Capita’s statement paints a picture of a company that simply didn’t know enough about the funds it was being paid to administer as authorised corporate director. It is now reacting with misplaced outrage when confronted with some of the astonishing investment decisions that were made.
So it highlights what we revealed was a £92 million investment Arch made into a fleet of seven ships through the Guernsey cell companies in which the Arch Cru funds invested. Only now is it looking for answers:
‘CFM [Capita Financial Managers] is concerned about the information that has only recently emerged regarding the shipping assets of the cells, which have declined significantly in value, and is pursuing this urgently with Arch and the board of the cells,’ it states.
Recently emerged? As Citywire made clear when we revealed the investment last month, Arch first started putting money into the fleet back in 2007. But Capita told Citywire it only became aware of the assets when it commissioned a review of the assets of the Arch cru funds following their suspension.

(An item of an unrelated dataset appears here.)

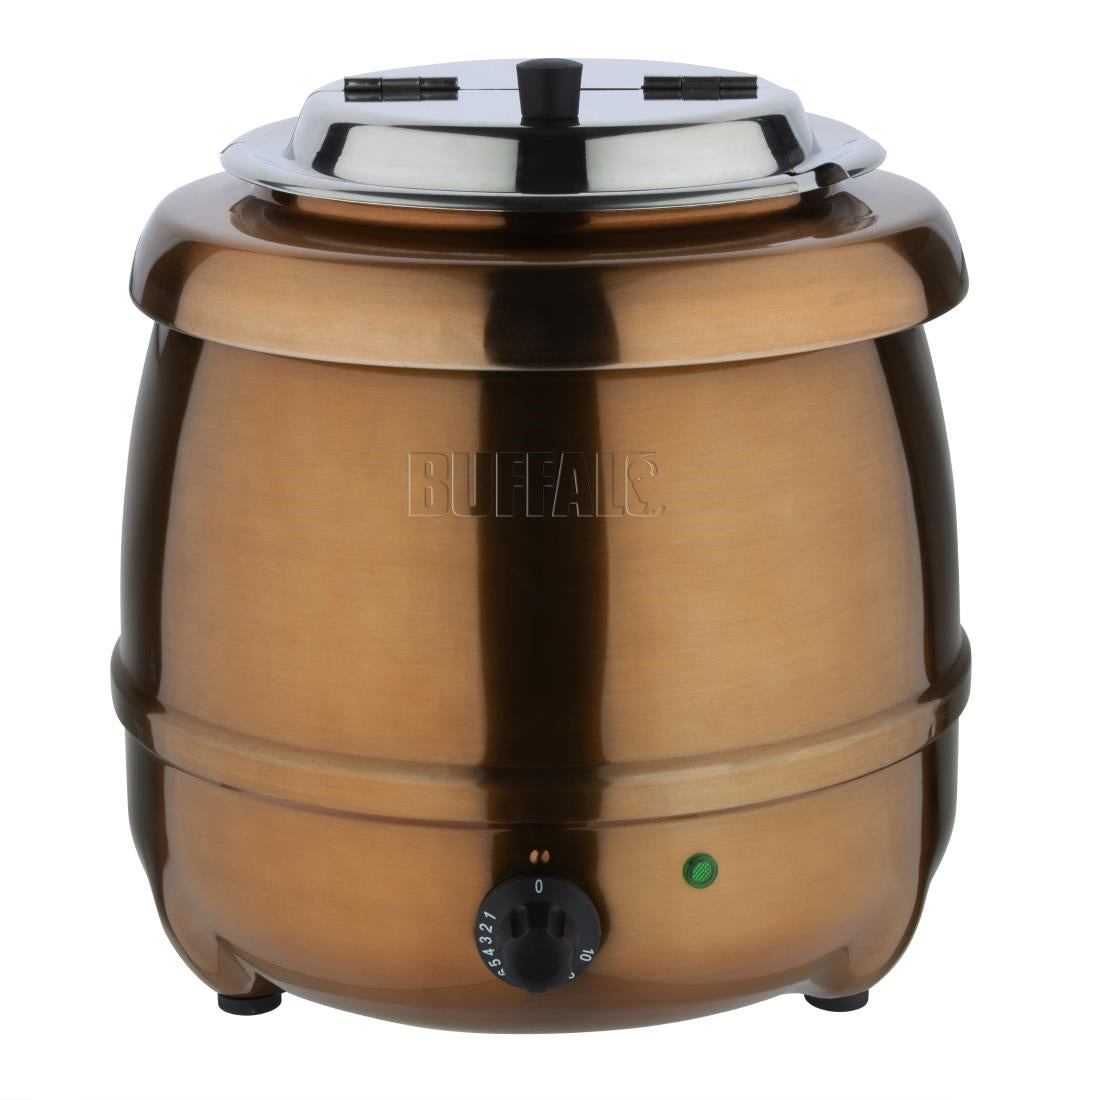 CP851 Buffalo Soup Kettle Copper Finish JD Catering Equipment Solutions Ltd

How could Capita have remained ignorant about an investment that accounted for a quarter of the funds that they were administering for so long?
But as the statement to the BBC makes clear, Capita amazingly didn’t see it as their role to know what the Guernsey cells were invested in.
‘It is simply not the case that the FSA, Ernst and Young (the auditor to the UK funds) and CFM were “the only people who knew or had access to…knowledge” regarding the assets of the cells,’ it states.
‘CFM was not responsible for the investment decisions taken by Arch as investment adviser to the cells,’ it says, adding that it was responsible only for the management of the UK Oeic funds.